Zeitschrift für Phytotherapie 2013; 34(06): 259
DOI: 10.1055/s-0033-1364224
Editorial
© Haug Verlag in MVS Medizinverlage Stuttgart GmbH & Co. KG

Medizinische Leitlinien und Phytotherapie – ein Widerspruch?

Ahmed Madisch

Subject Editor:
Further Information

Publication History

Publication Date:
07 January 2014 (online)

In der westlichen Medizin stehen Leitlinien im Zentrum des ärztlichen Handels. Medizinische Leitlinien sind systematisch erstellte Feststellungen, die die Entscheidungen des Arztes unterstützen sollen. Obwohl Leitlinien keine Richtlinien darstellen, ist ein Abweichen insbesondere von qualitativ hochwertigen Leitlinien im ärztlichem Handeln zu begründen. Nach dem System der Arbeitsgemeinschaft der Wissenschaftlichen Medizinischen Fachgesellschaften e.V. (AWMF) gibt es unterschiedlichen Qualitäten der Leitlinien, von der S1- (von einer Expertengruppe im informellen Konsens erarbeitet) bis zur S3-Leitlinie (systematische Evidenzrecherche und Konsensbildung mit systematischer Analyse einschließlich Bewertung der klinischen Relevanz von Studien), wobei die S3-Leitlinie die höchste Qualitätsstufe besitzt.

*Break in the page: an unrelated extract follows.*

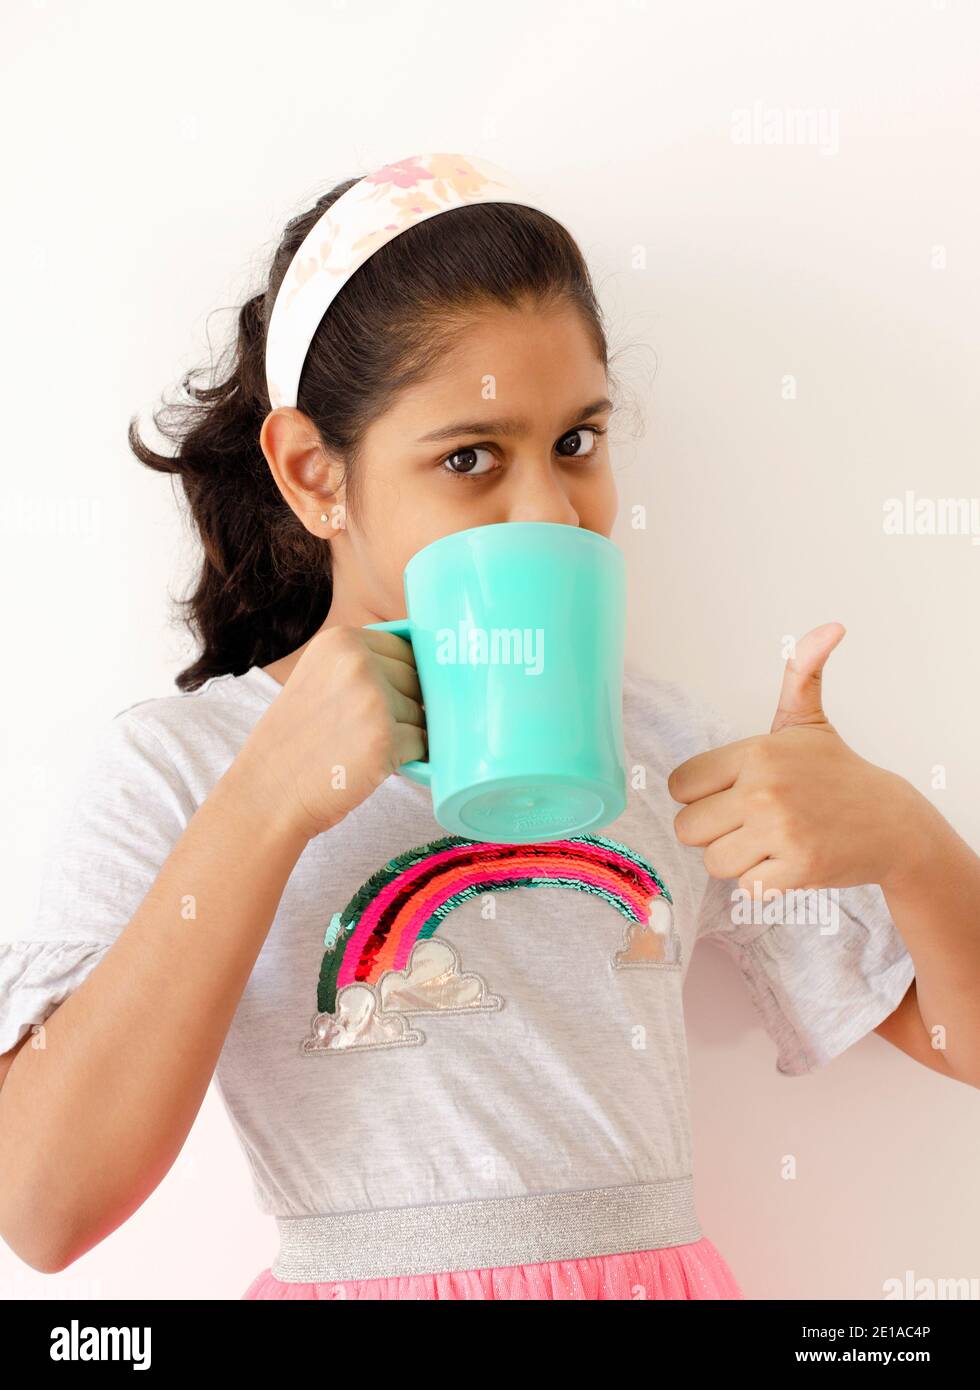 https://c8.alamy.com/comp/2E1AC4P/portrait-of-a-cute-indian-girl-drinking-from-a-bluish-green-cup-and-showing-thumbs-up-2E1AC4P.jpg
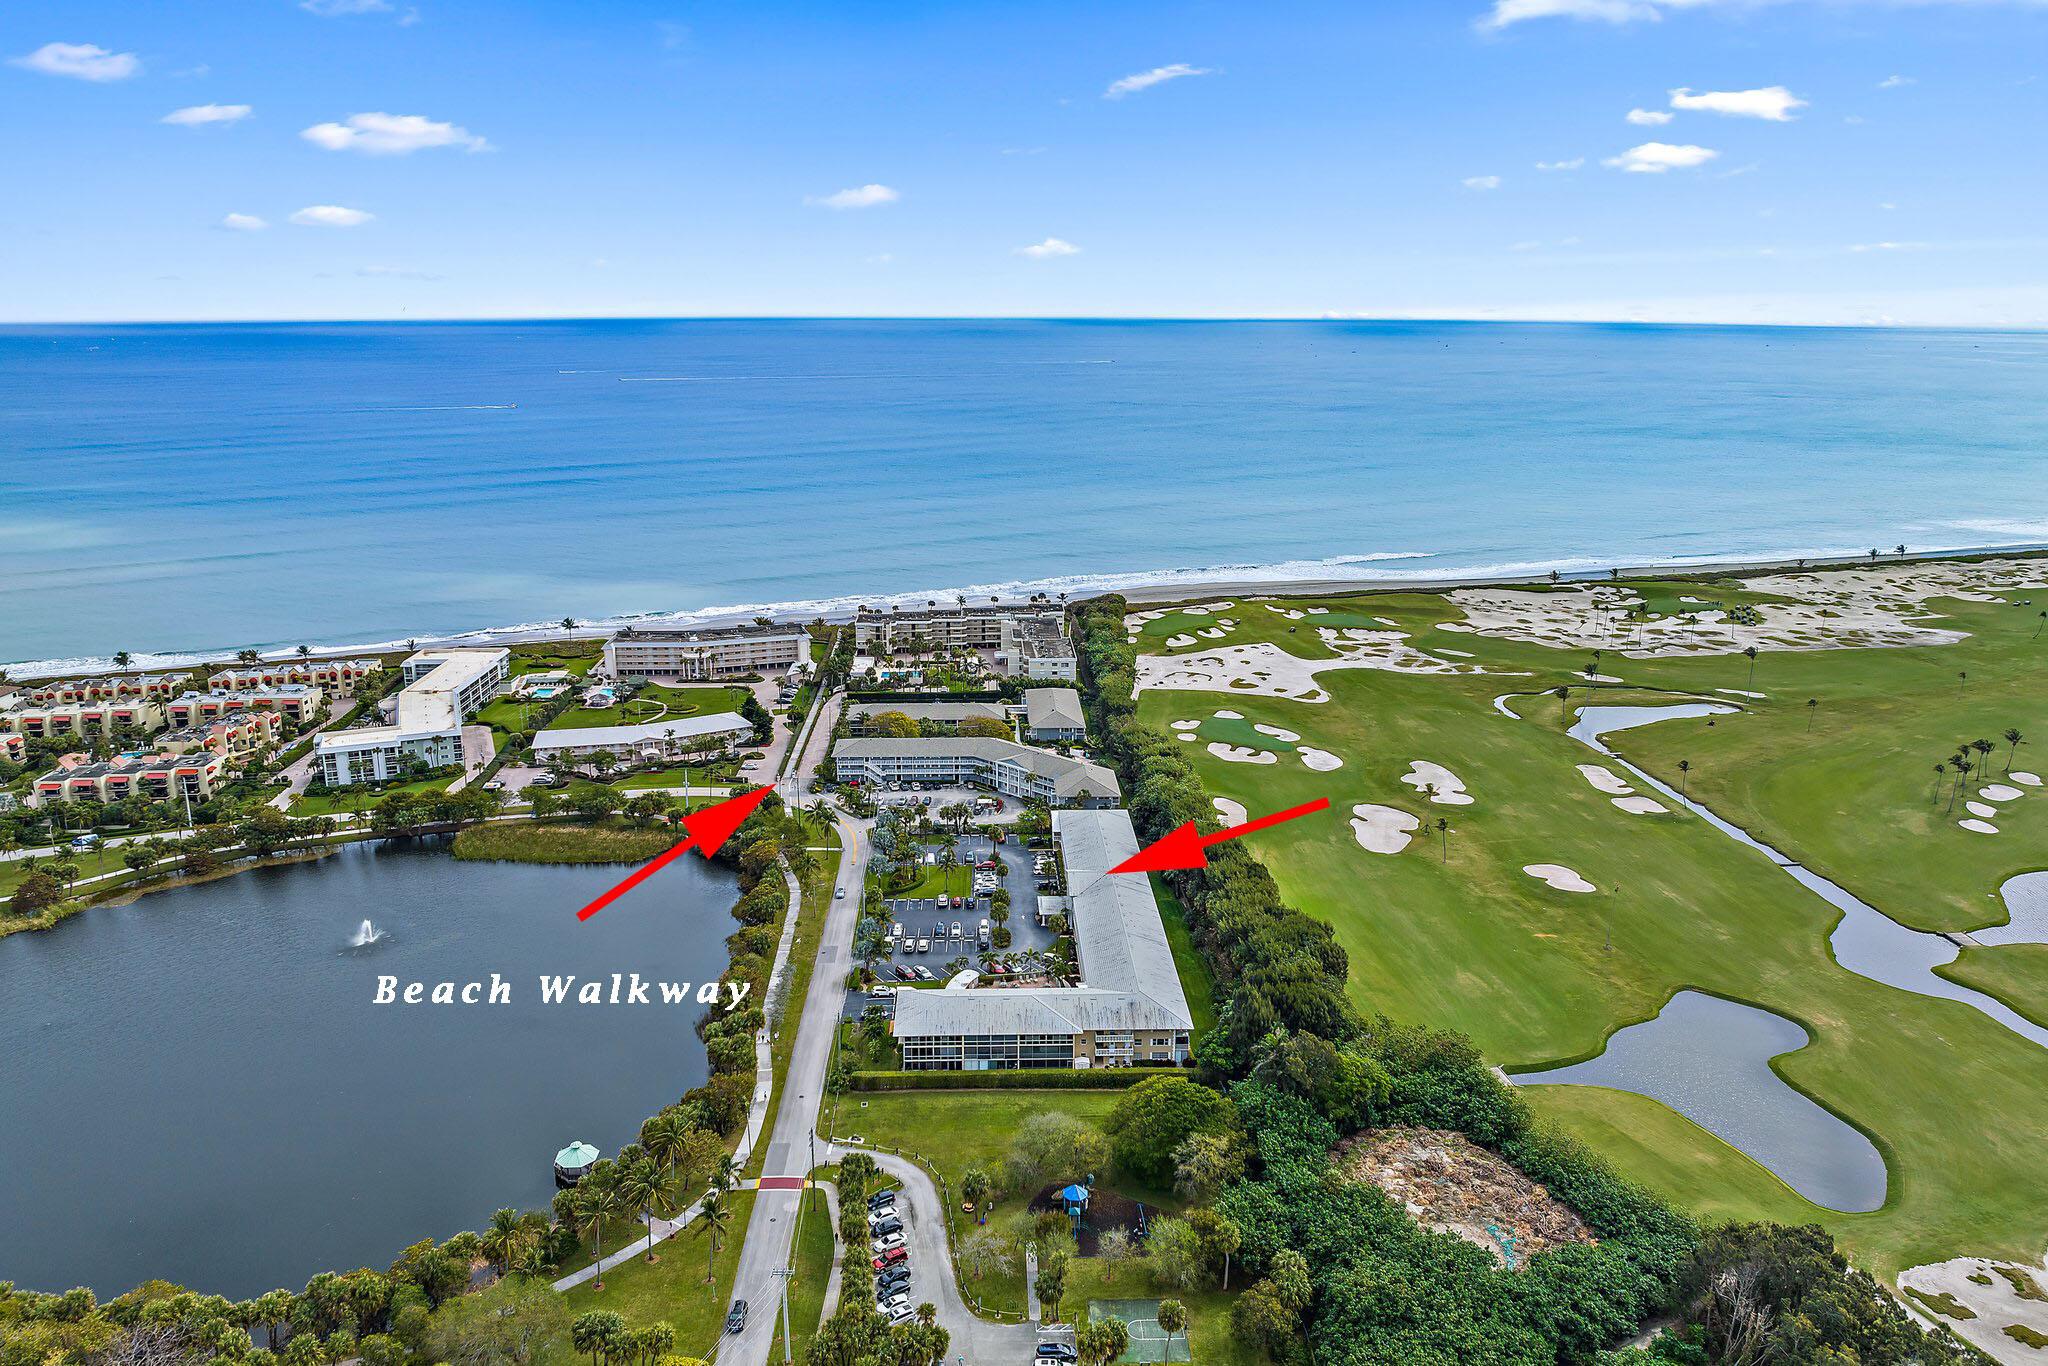 Enjoy Juno Beach living. Steps to the finest beach down your beach walkway and enjoy strolls around the Pelican Lake walking path. Largest condo(1,580 sq. ft) in the building with desirable Southern exposure  overlooking Seminole Golf Club. The top floor condo features a large patio with sliding glass windows. One of a few condos with own washer/dryer. Nicely updated with newer kitchen and bath cabinets & granite counters. Minutes to great restaurants and shopping. Come see what makes Juno Beach one the the favorite towns in Palm Beach County.

In Deutschland werden die meisten Leitlinien von den medizinischen Fachgesellschaften und deren Experten erarbeitet. Die in Leitlinien getroffenen Aussagen werden mit Evidenzen belegt, wobei der höchste Evidenz- und Empfehlungsgrad sich auf Metaanalysen gut durchgeführter Studien und randomisierter, kontrollierter Doppelblindstudien bezieht.

Daraus kann man schlussfolgern, dass auch die Phytotherapie mit entsprechender hoher Evidenz nur in Leitlinien berücksichtigt wird, wenn die Wirksamkeit in einem kontrollierten Versuch nachgewiesen ist. Die im Bereich der Phytotherapie häufig praktizierte Erfahrungsmedizin findet daher in Leitlinien keine Berücksichtigung, sie kann lediglich als Hypothesengenerierung für eine kontrollierte Studie dienen. Erfreulicherweise wächst die Anzahl kontrollierter Studien, die Wirksamkeitsnachweise für Phytotherapeutika liefern. Bei richtiger Indikationsstellung zeigen viele Untersuchungen, dass pflanzliche Arzneimittel in ihrer Wirksamkeit den chemischen Monosubtanzen nicht nachstehen. Durch die Prüfung in doppelblinden, placebokontrollierten Studien werden daher mittlerweile Phytotherapeutika in nationalen und internationalen Leitlinien wissenschaftlicher Fachgesellschaften bei definierten Krankheitsbildern mit entsprechender Evidenz empfohlen, z.B. Johanniskrautpräparate bei leichter bis mittelschwerer Depression, Vielpflanzenextrakte bei funktionellen und entzündlichen Magen-Darmsowie Atemwegserkrankungen.

Die vorliegende Ausgabe der ZPT soll daher v.a. in Übersichten die in Leitlinien empfohlenen phytotherapeutischen Optionen zusammenfassen. Die Errungenschaften der letzten Jahre im Bereich der »beweisbaren « Phytotherapie können nur ein Ansporn sein, die wissenschaftlichen Aktivitäten angemessen zu fördern, um über die Empfehlungen in Leitlinien den Stellenwert der Phytotherapie im klinischen Alltag weiter zu stärken.